V_OC = E_Fn − E_Fp (12)

Since, the HTL film (Spiro-OMeTAD) remains constant for both the device structures, the augmented V_OC in MA_0.6FA_0.4PbI₃/AZO devices can be attributed to the upshift of quasi Fermi level in them owing to Burstein–Moss effect. Fig. 6 illustrates a schematic presentation of the trap assisted downshift of quasi Fermi level in low temperature processed ZnO in MA_0.6FA_0.4PbI₃/ZnO device (device-A) along with the Burstein–Moss effect assisted upshift in quasi Fermi level in low temperature processed AZO film in MA_0.6FA_0.4PbI₃/AZO device (device-B) demonstrating the aftermath of such Fermi level shifting on device performance. In device-A, the electrons from perovskite LUMO (lowest unoccupied molecular orbital) hop between the deep trap states⁵⁸ present in low temperature processed ZnO film, increasing the probability of recombining with holes before being collected by the ITO cathode. Thus the deep quasi Fermi position below the conduction band hinders the efficient charge extraction by ITO which can be connoted to comparatively low electrical conductivity previously reported for pristine ZnO film based devices compared to doped ones.^16,21 Conversely, the free electrons contributed by the substituent Al³⁺ ions occupy the trap states and uplifts the quasi Fermi level in low temperature processed AZO film that impede the acute electron hoping phenomena in device-B. The reduced electron hoping renders efficient charge extraction capability to the ITO cathode and enhances the electrical conductivity likewise. The higher electrical conductivity thus again enunciates the augmented FF and PCE in MA_0.6FA_0.4PbI₃/AZO devices with reference to MA_0.6FA_0.4PbI₃/ZnO devices (Fig. 6).

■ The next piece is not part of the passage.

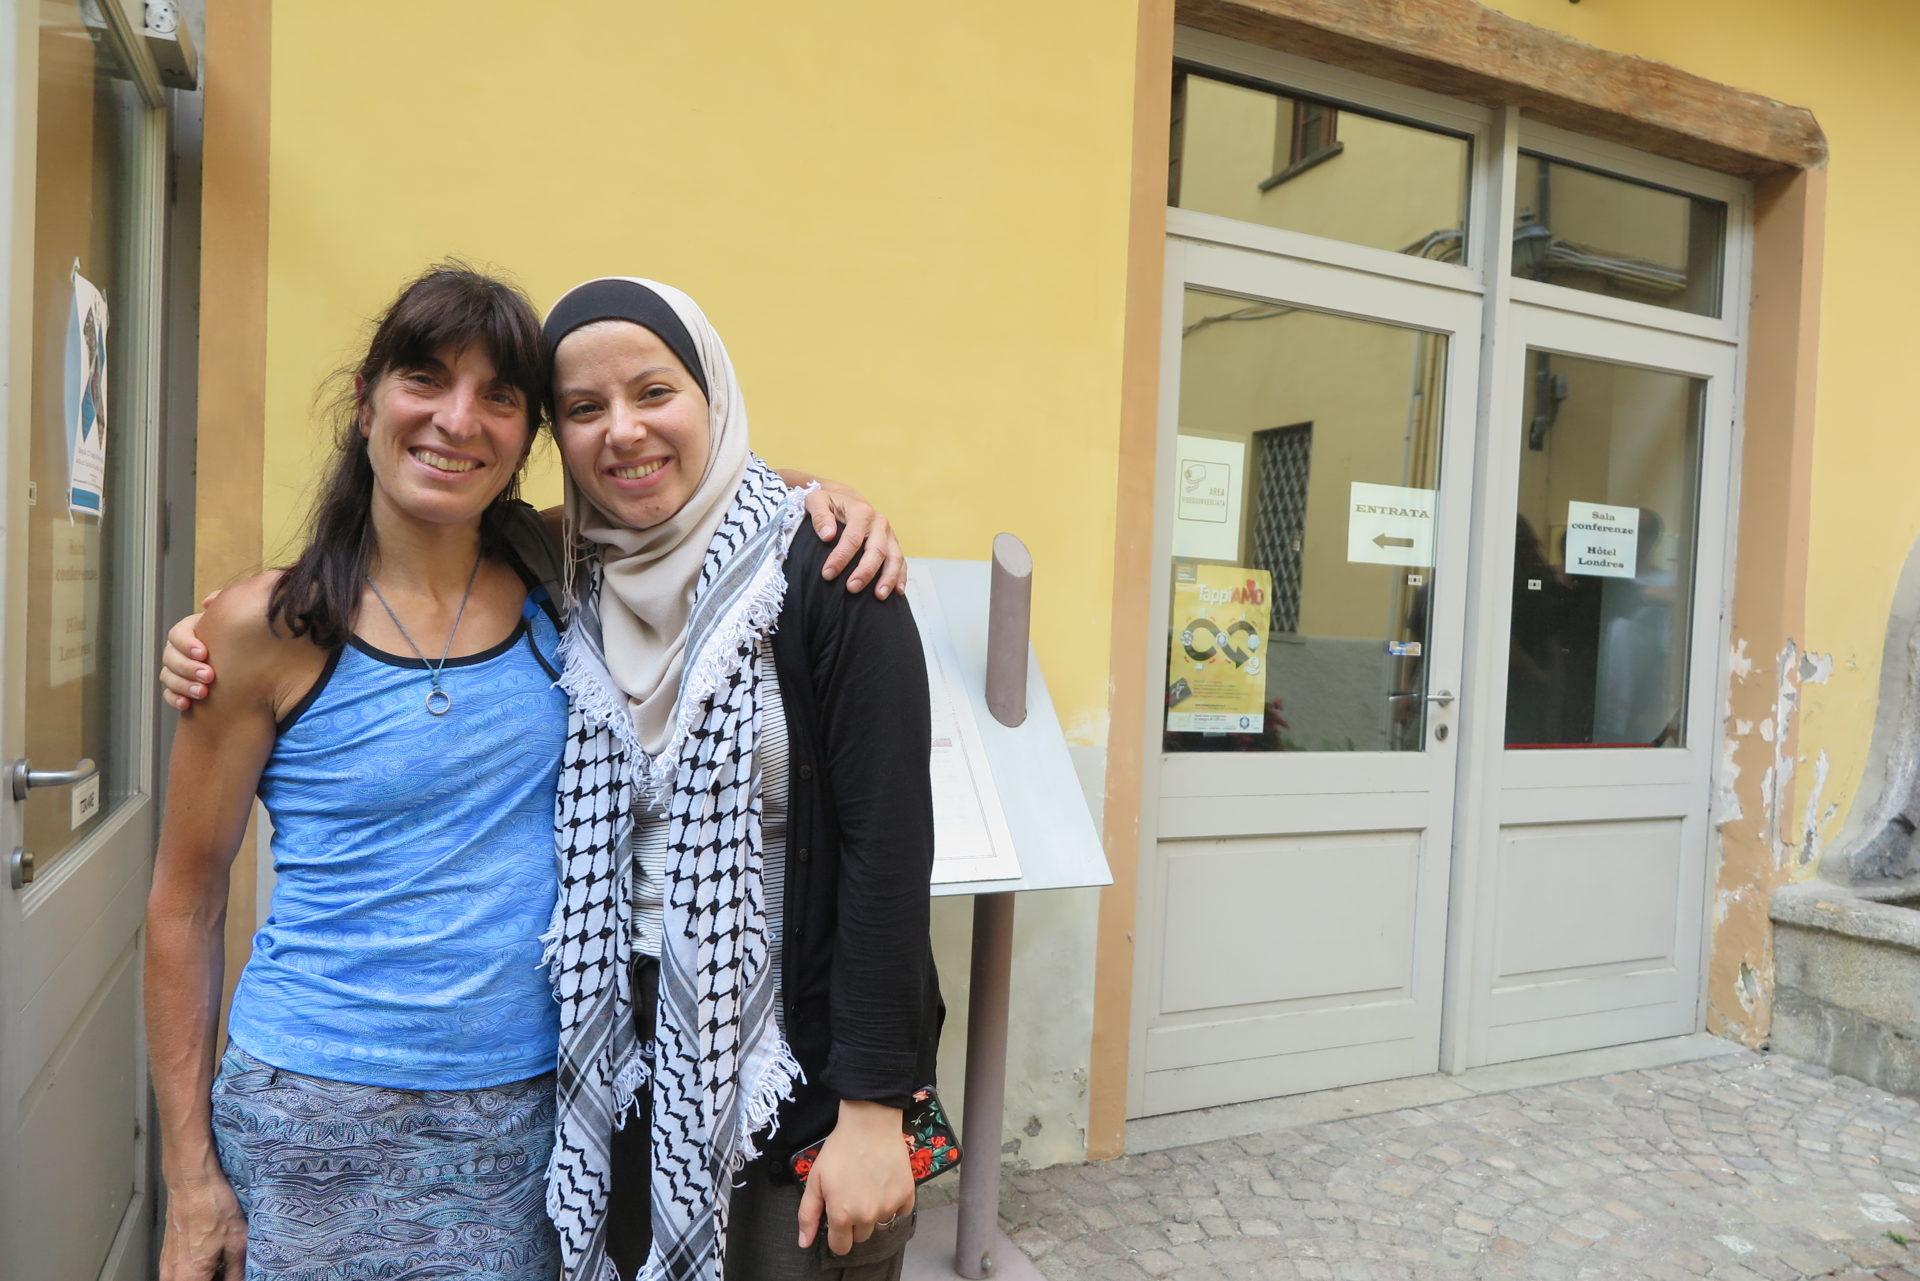 La guida alpina Anna Torretta con Yasmeen Al Najjar

Fig. 6 Schematic presentation of (A) deep trap state assisted downshift of quasi Fermi level in low temperature processed pristine ZnO film attributing to lower flat-band potential, lower carrier conductivity and higher charge carrier recombination phenomena in MA_0.6FA_0.4PbI₃/ZnO device and (B) Burstein–Moss effect assisted upshift in quasi Fermi level of AZO film contributing to higher flat-band potential, higher carrier conductivity and low recombination phenomena in MA_0.6FA_0.4PbI₃/AZO devices. Device-B exhibits higher FF, V_OC and PCE compared to device-A. (E_P, E_Fn, and E_F denote quasi Fermi level of perovskite, ETL layer and ITO respectively. E_C and E_V stand for conduction band and valence band levels respectively for ETL layers (ZnO and ETL).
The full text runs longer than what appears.